> **Work instruction**
Would you please retype the records that follow, word for word?

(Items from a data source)
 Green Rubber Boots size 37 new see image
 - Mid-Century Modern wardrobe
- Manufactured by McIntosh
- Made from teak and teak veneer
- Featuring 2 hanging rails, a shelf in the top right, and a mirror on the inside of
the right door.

> **Solution to this exercise**
 Green Rubber Boots size 37 new see image
 - Mid-Century Modern wardrobe
- Manufactured by McIntosh
- Made from teak and teak veneer
- Featuring 2 hanging rails, a shelf in the top right, and a mirror on the inside of
the right door.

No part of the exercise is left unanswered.